A.M. Best Co. has affirmed the its ratings on The Manufacturers Life Insurance Co., John Hancock Life Insurance Co., Manulife Financial Corp., and their affiliates. The outlook for all ratings is stable.

The firm indicates that its ratings of Manulife, “reflect its leadership position in multiple global markets as evidenced by strong franchises in Canada and the United States and a growing presence in Asia, increasing profitability from its geographically diversified businesses, its strong capitalization and conservative reserving practices… Manulife’s product, operational and geographic diversification, as well as its leadership position in many of its markets, continues to provide the company with a growing revenue base and increased earnings. Furthermore, Manulife maintains a leadership position as a North American life and property/casualty retrocessionaire.”

In addition, Manulife has successfully integrated its 2004 acquisition of John Hancock Financial Services with its existing U.S. operations, achieving significant costs savings. “The introduction of new products to John Hancock’s distribution strengthened its leadership positions in the long-term care, variable annuity and life and small case pension businesses in the United States. In addition, these actions improved the overall profitability of its U.S. operations and increased market share,” it adds.

In the Canadian insurance market, A.M. Best says that MLI maintains a leadership position, and the merger of John Hancock’s Canadian subsidiary, Maritime Life, into MLI enhanced that position. “The guaranteed minimum withdrawal benefit incorporated into MLI’s segregated fund offering in late 2006 was a first in the Canadian market and demonstrated Manulife’s ability to incorporate product design common in the U.S. Market,” it says.

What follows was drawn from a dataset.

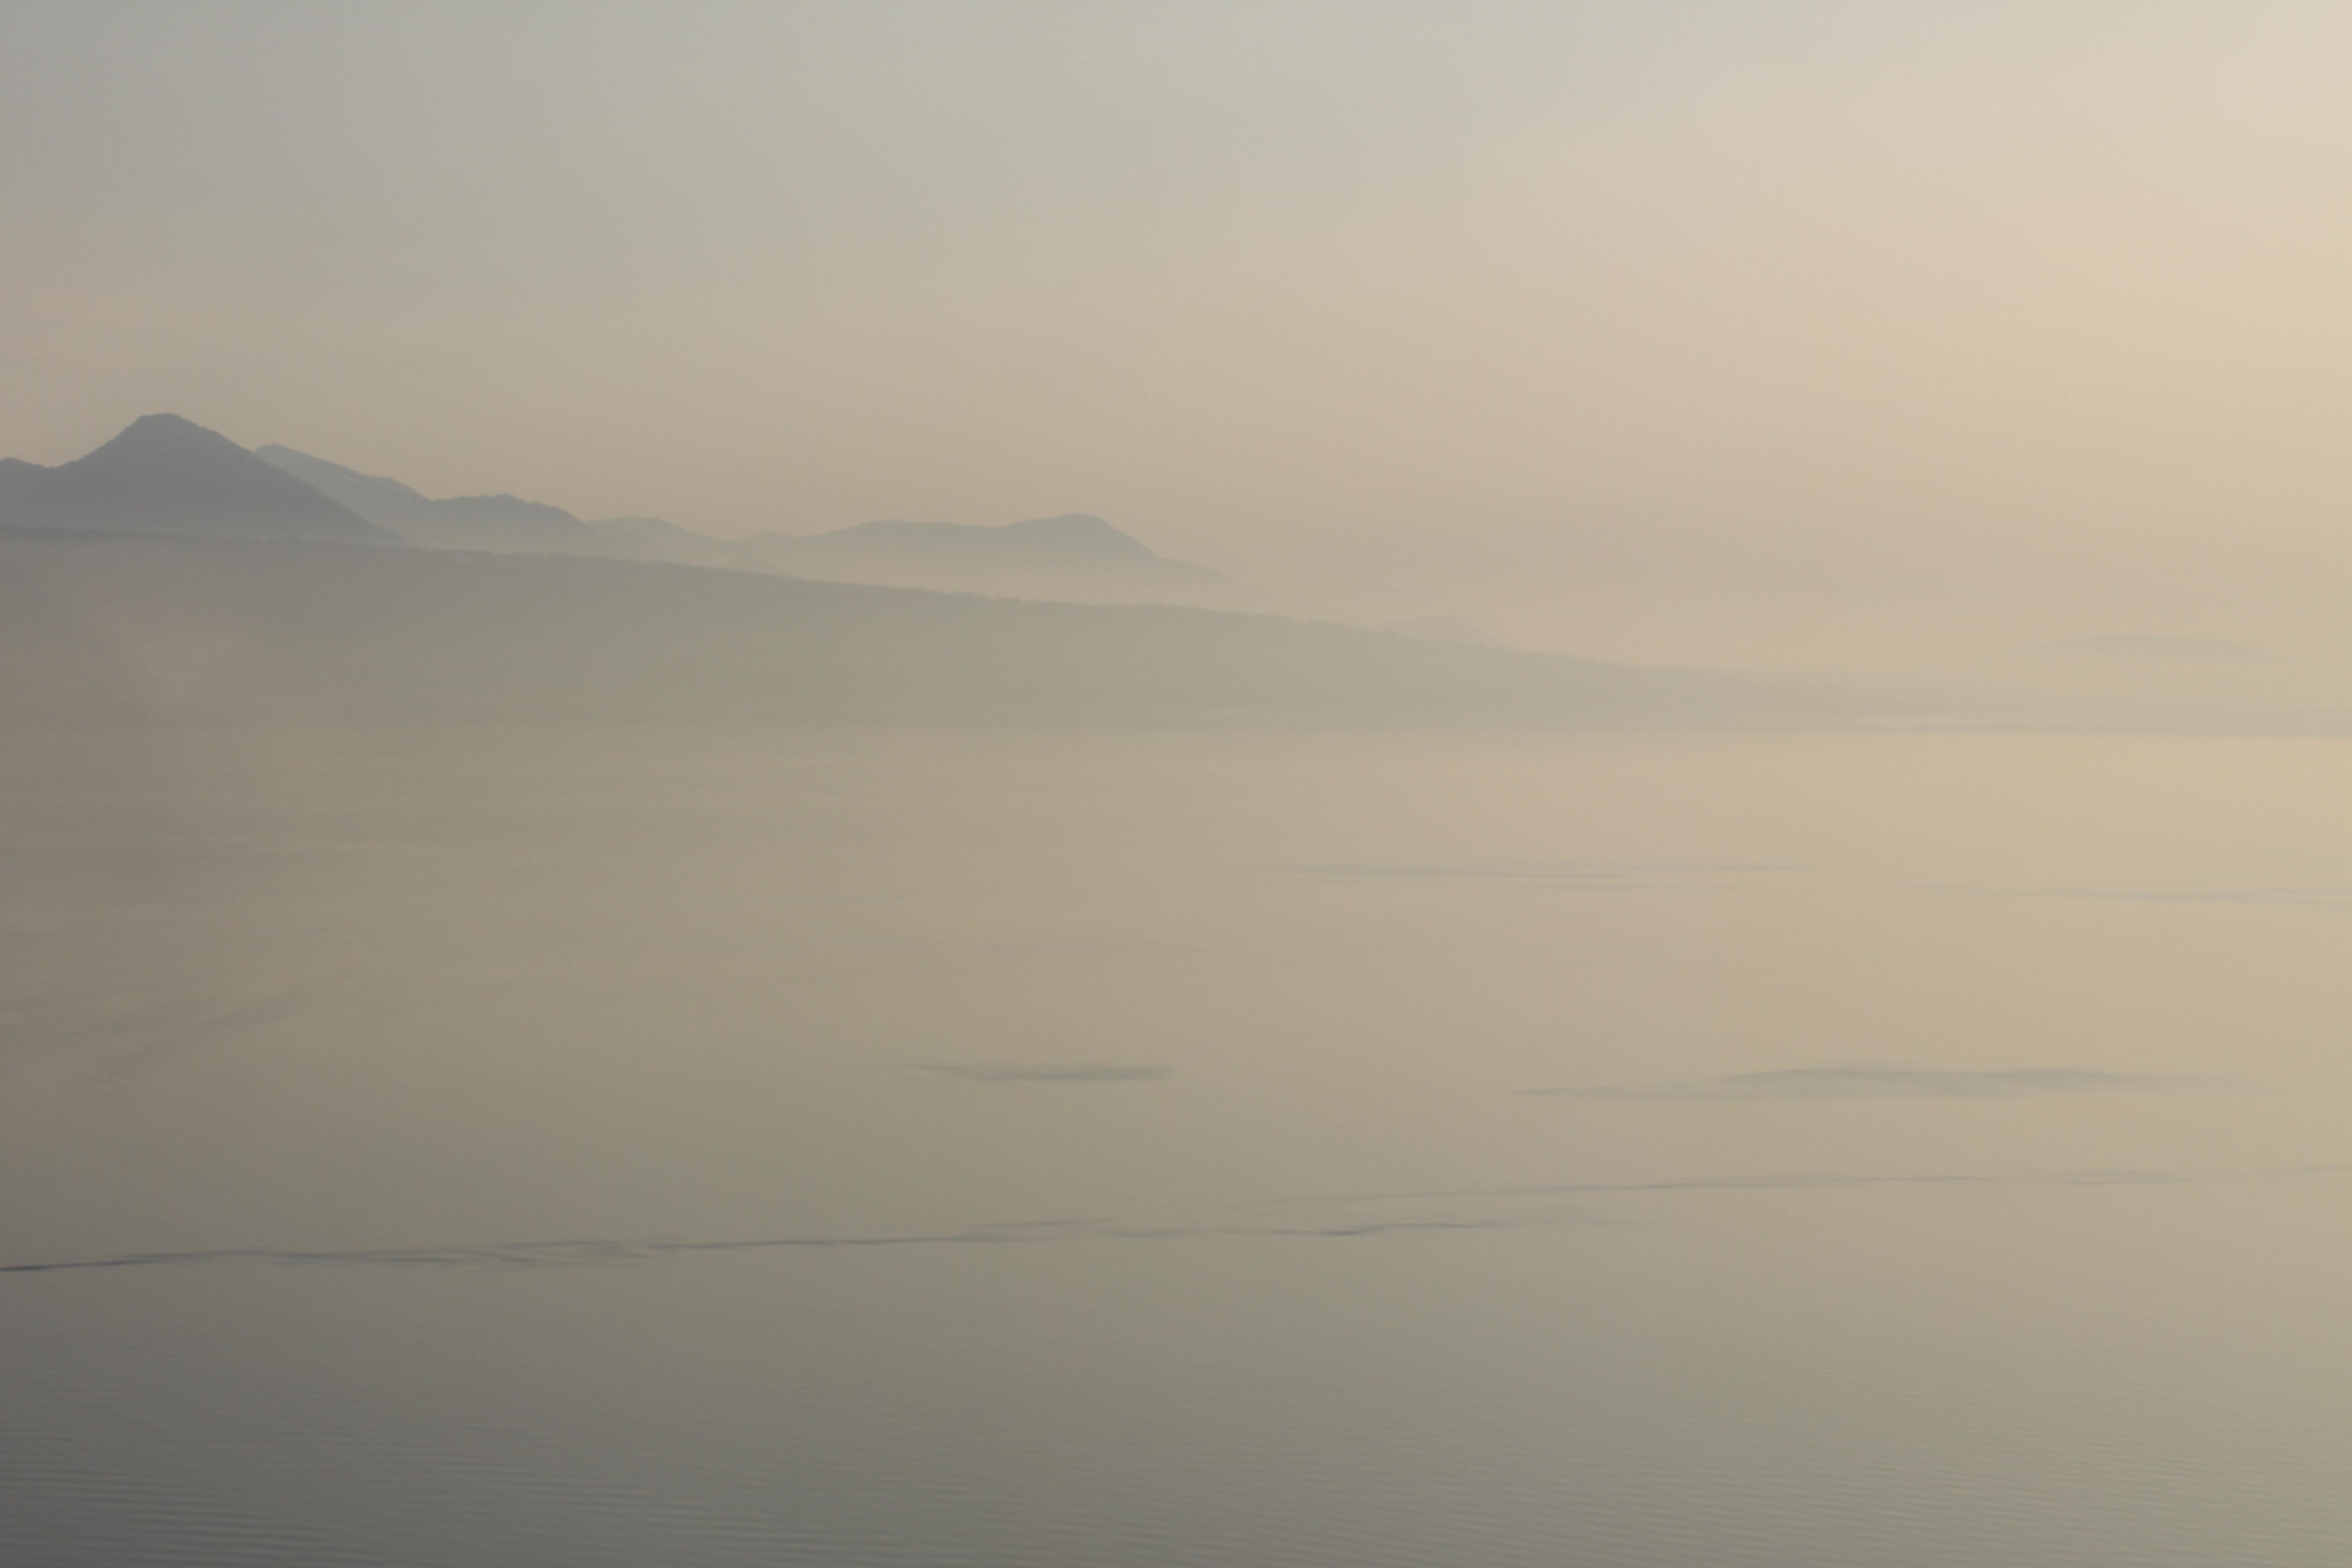 paysage d'une étendue d'eau en premier plan avec montagnes en arrière-plan, brume au-dessus du lac, Lac Léman

“Partially offsetting these strengths is the equity market risk that Manulife incurs through its large portfolio of investment linked products. Variable products expose Manulife to equity market fluctuations, which it currently does not hedge,” the rating agency notes. “Ongoing low interest rates have resulted in net outflows in its fixed products in the United States, and A.M. Best expects competition to remain fierce in Manulife’s domestic and foreign markets. Finally, the long-term care market in the United States has been subject to adverse claims experience primarily on older blocks of business, which has led to reserve strengthening for many carriers.”